Work request:
Beginning at the line containing "Verkade chocoladeletter, 2e gratis @ Vomar", repeat each line below exactly up to and including the line containing "Vista de Burano, una". Do not repeat the pictures.

Records for the task:

------------------------------------------------------------

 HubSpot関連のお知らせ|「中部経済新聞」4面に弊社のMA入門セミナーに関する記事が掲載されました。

------------------------------------------------------------

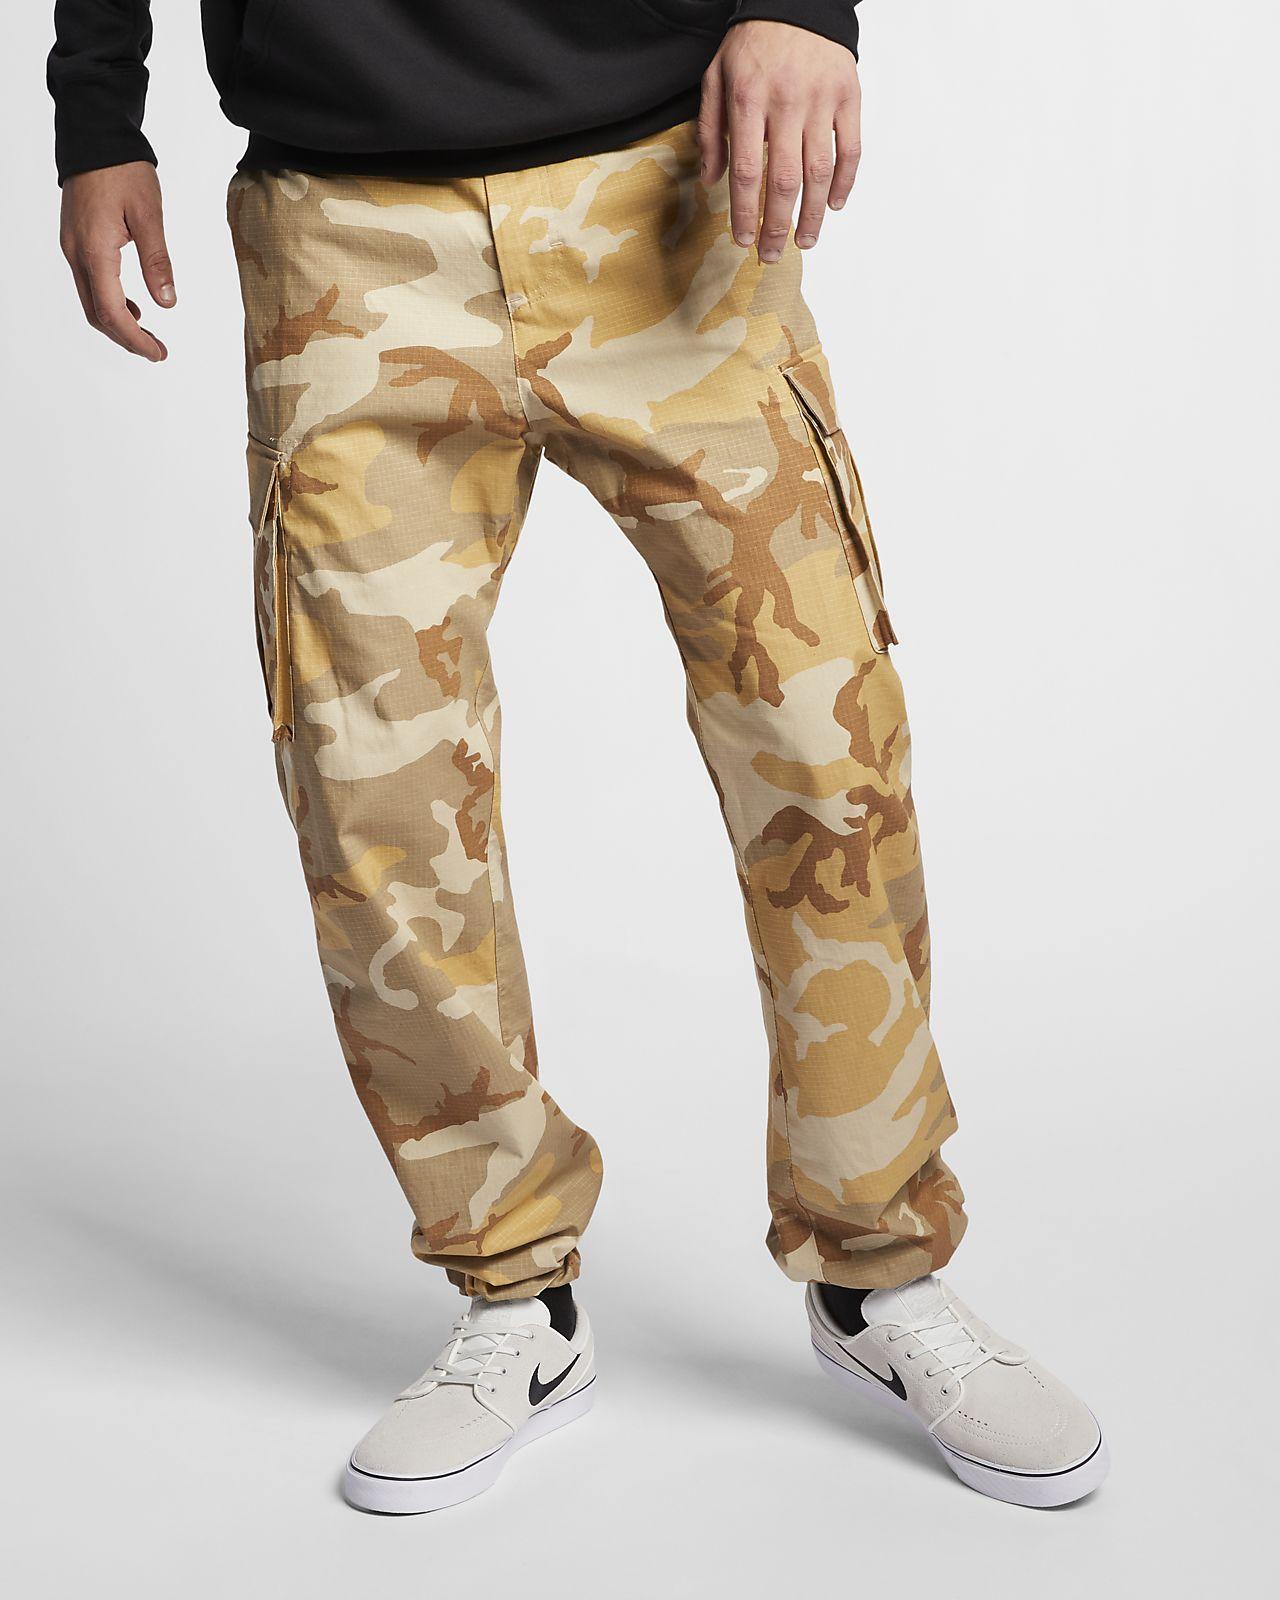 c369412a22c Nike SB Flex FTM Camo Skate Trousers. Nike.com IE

------------------------------------------------------------

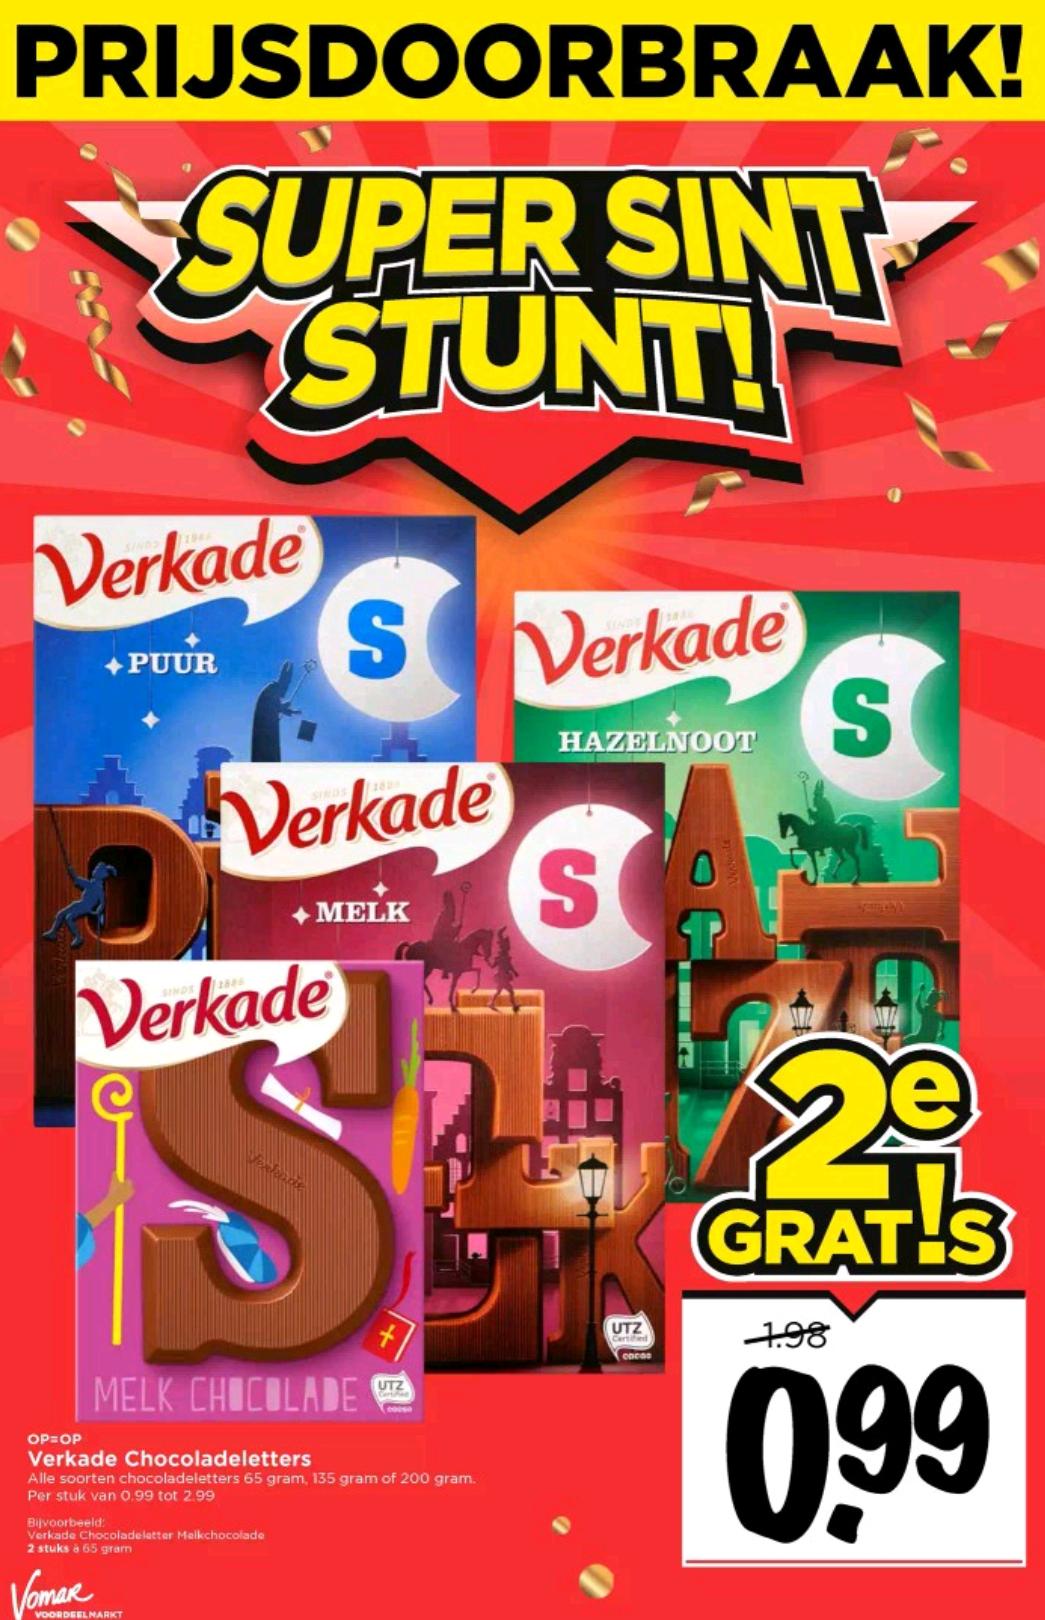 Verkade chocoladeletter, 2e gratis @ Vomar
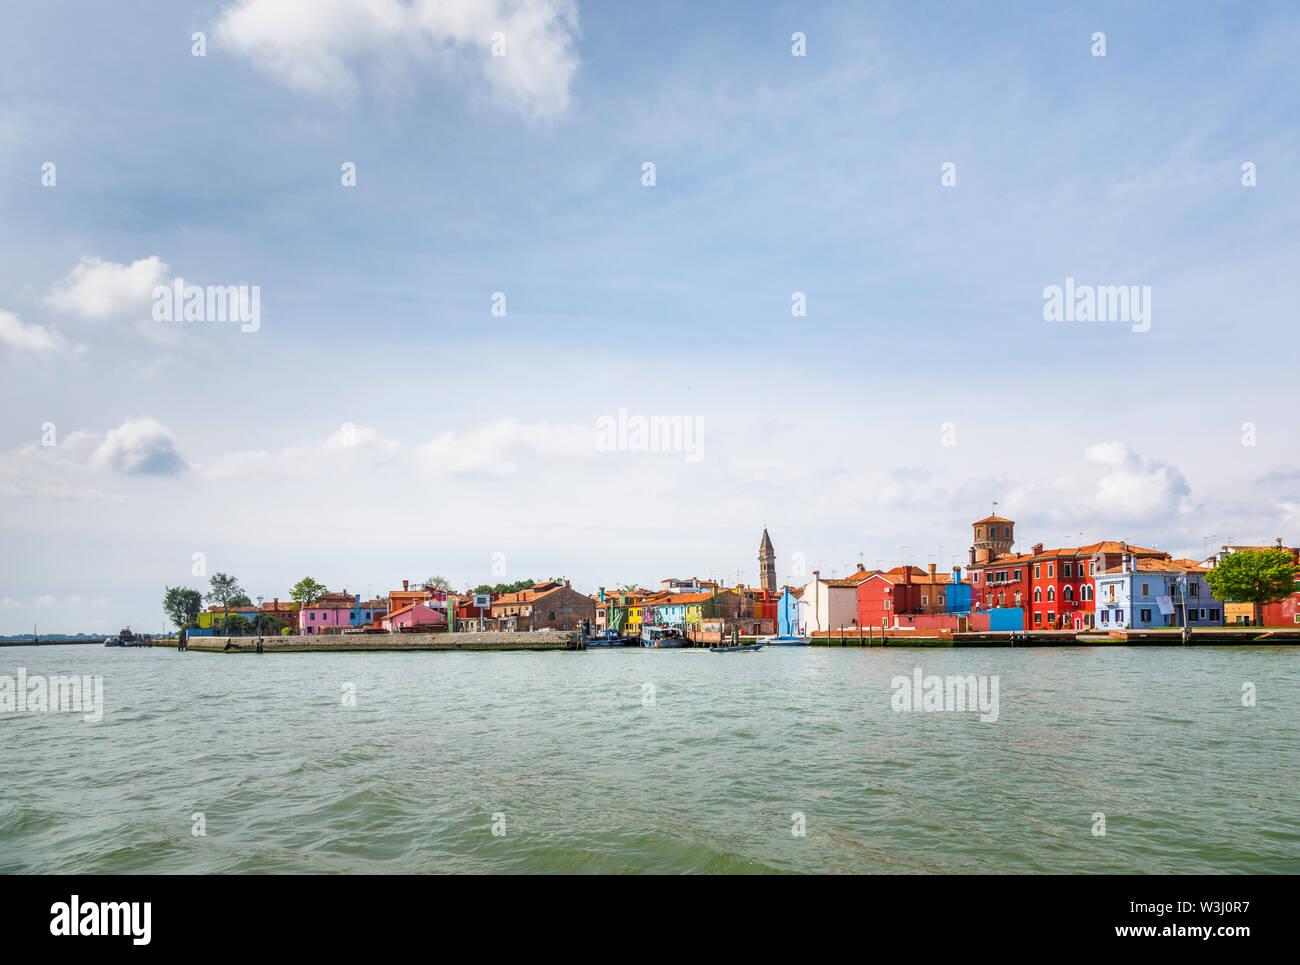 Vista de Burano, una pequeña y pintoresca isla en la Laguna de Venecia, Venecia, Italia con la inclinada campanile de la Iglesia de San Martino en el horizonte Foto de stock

------------------------------------------------------------

Answer to the exercise:
 Verkade chocoladeletter, 2e gratis @ Vomar
 Vista de Burano, una pequeña y pintoresca isla en la Laguna de Venecia, Venecia, Italia con la inclinada campanile de la Iglesia de San Martino en el horizonte Foto de stock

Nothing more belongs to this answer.